§ **What you should do**
Without including the pictures, copy each line below exactly as it reads.

§ **Available data**
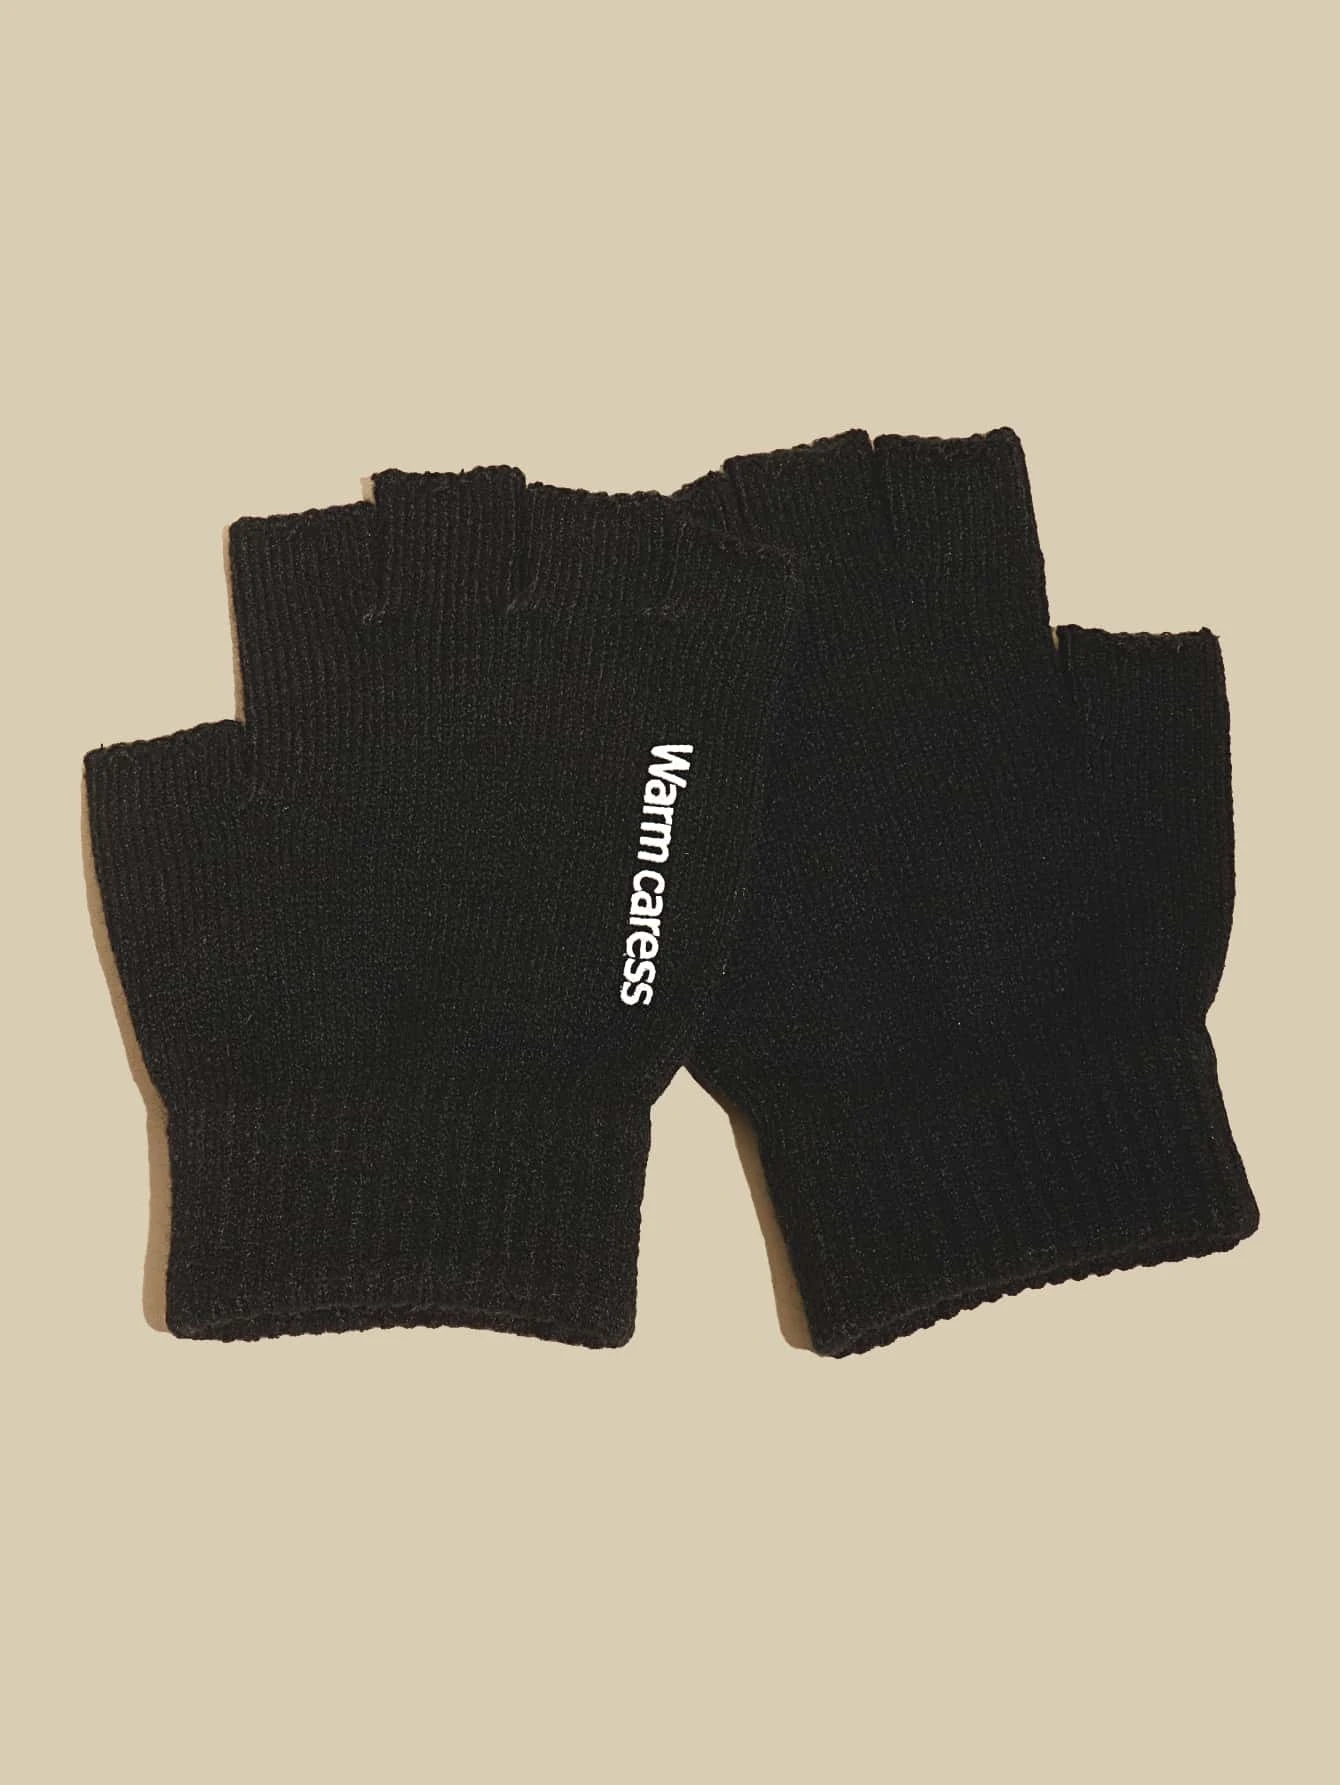 Ανδρικά υφασμάτινα αθλητικά γάντια μαύρα
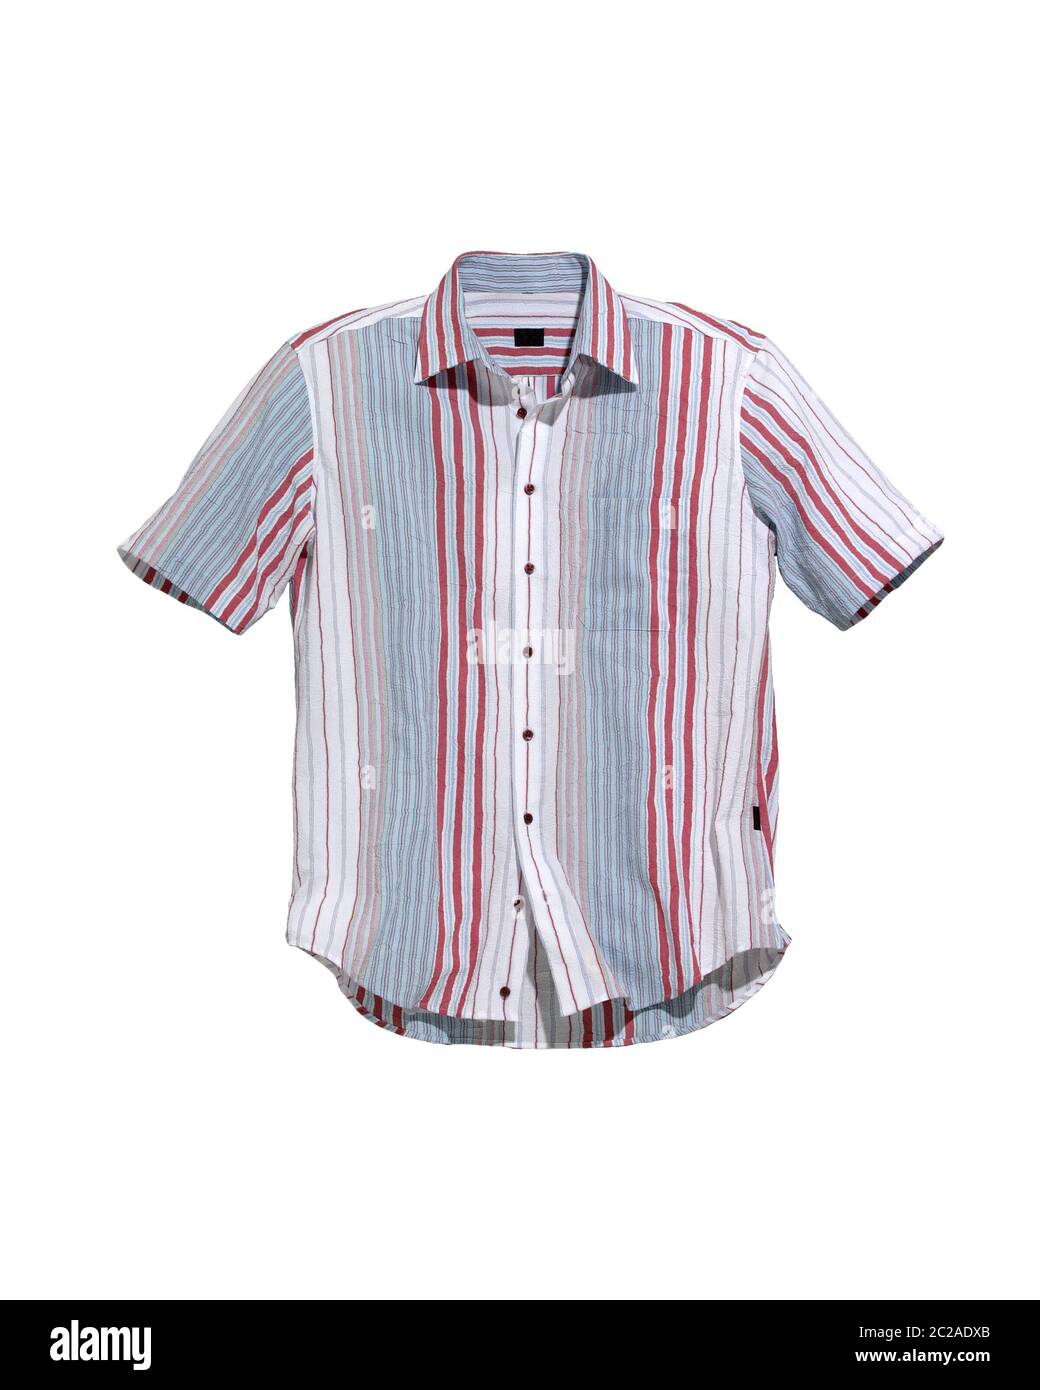 short sleeve shirt striped isolated on white Stock Photo
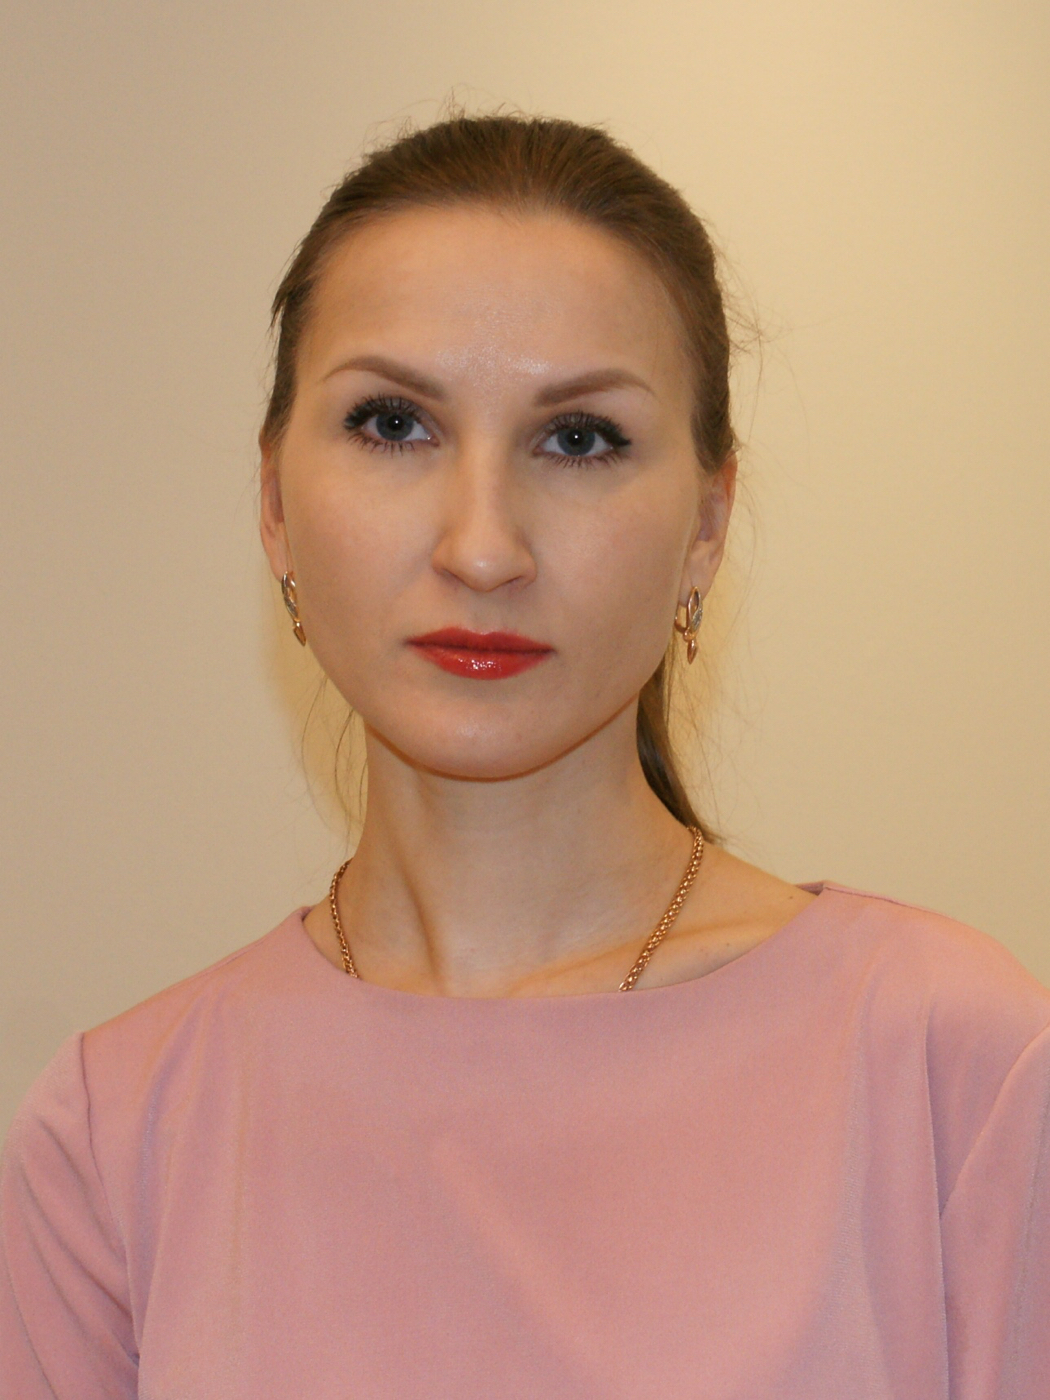 Никитина Наталья Сергеевна — начальник управления партнерских программ филиала Абсолют Банка в Санкт-Петербурге
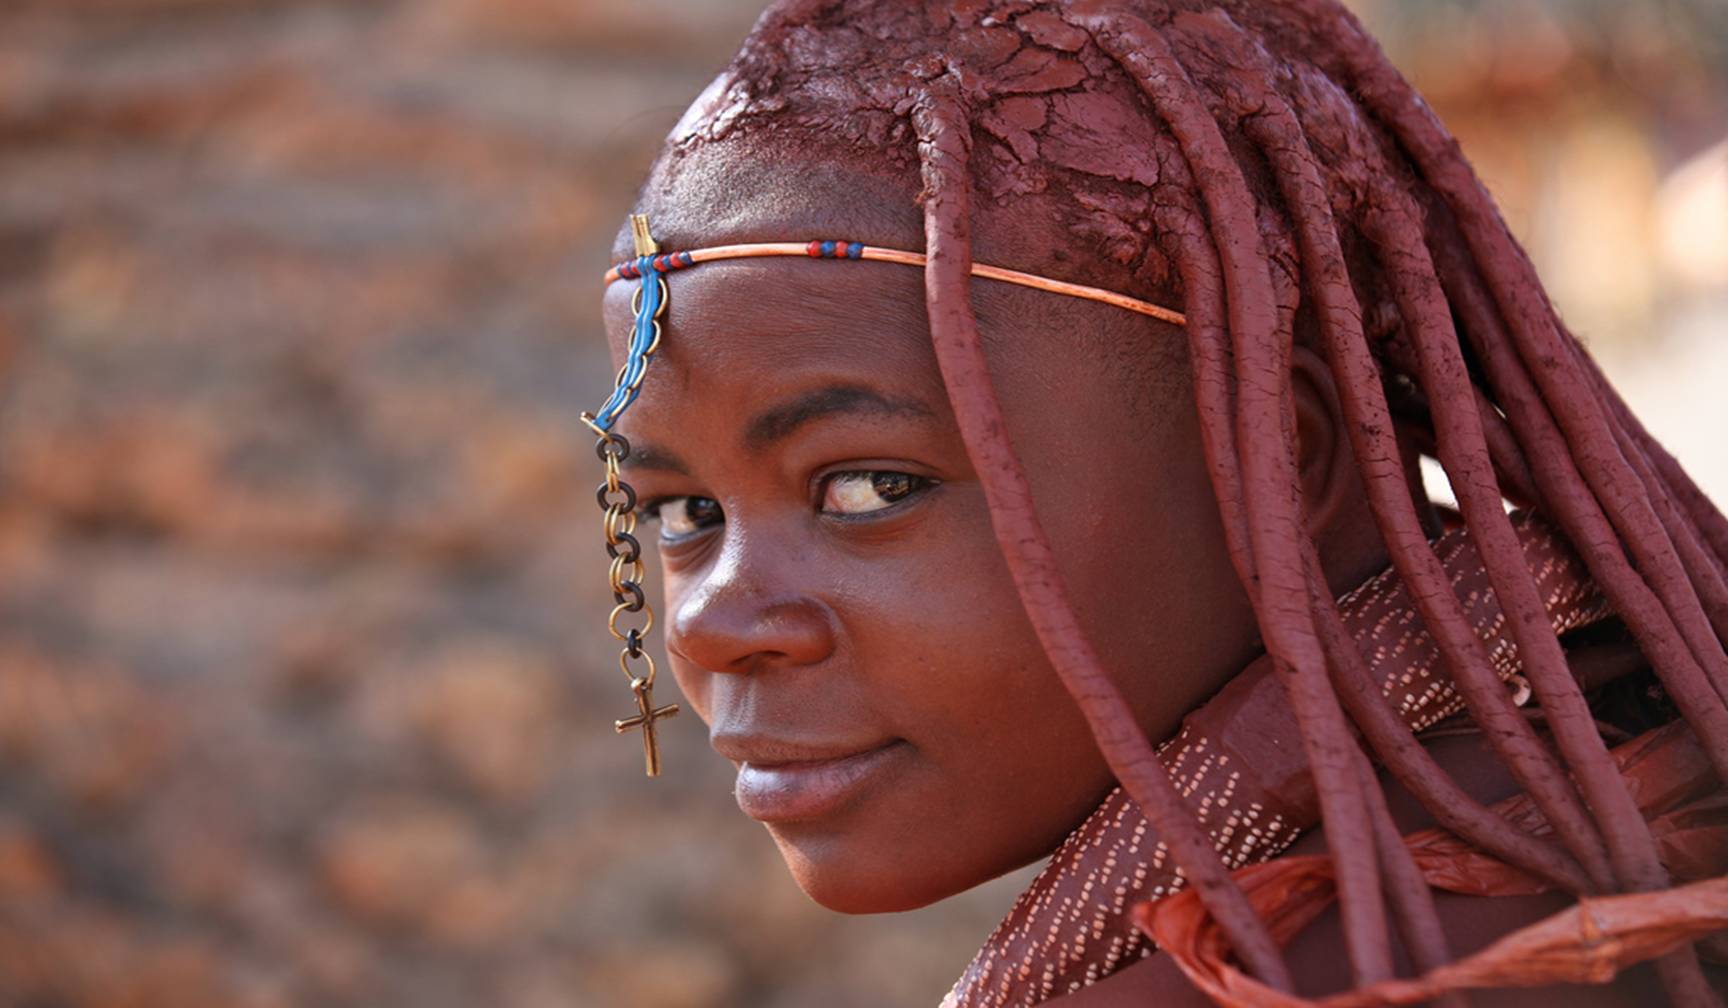 辛巴族的女人会在皮肤上涂一层红色的颜料,整个皮肤完全呈现出红颜色

§ **Written response**
 Ανδρικά υφασμάτινα αθλητικά γάντια μαύρα
 short sleeve shirt striped isolated on white Stock Photo
 Никитина Наталья Сергеевна — начальник управления партнерских программ филиала Абсолют Банка в Санкт-Петербурге
 辛巴族的女人会在皮肤上涂一层红色的颜料,整个皮肤完全呈现出红颜色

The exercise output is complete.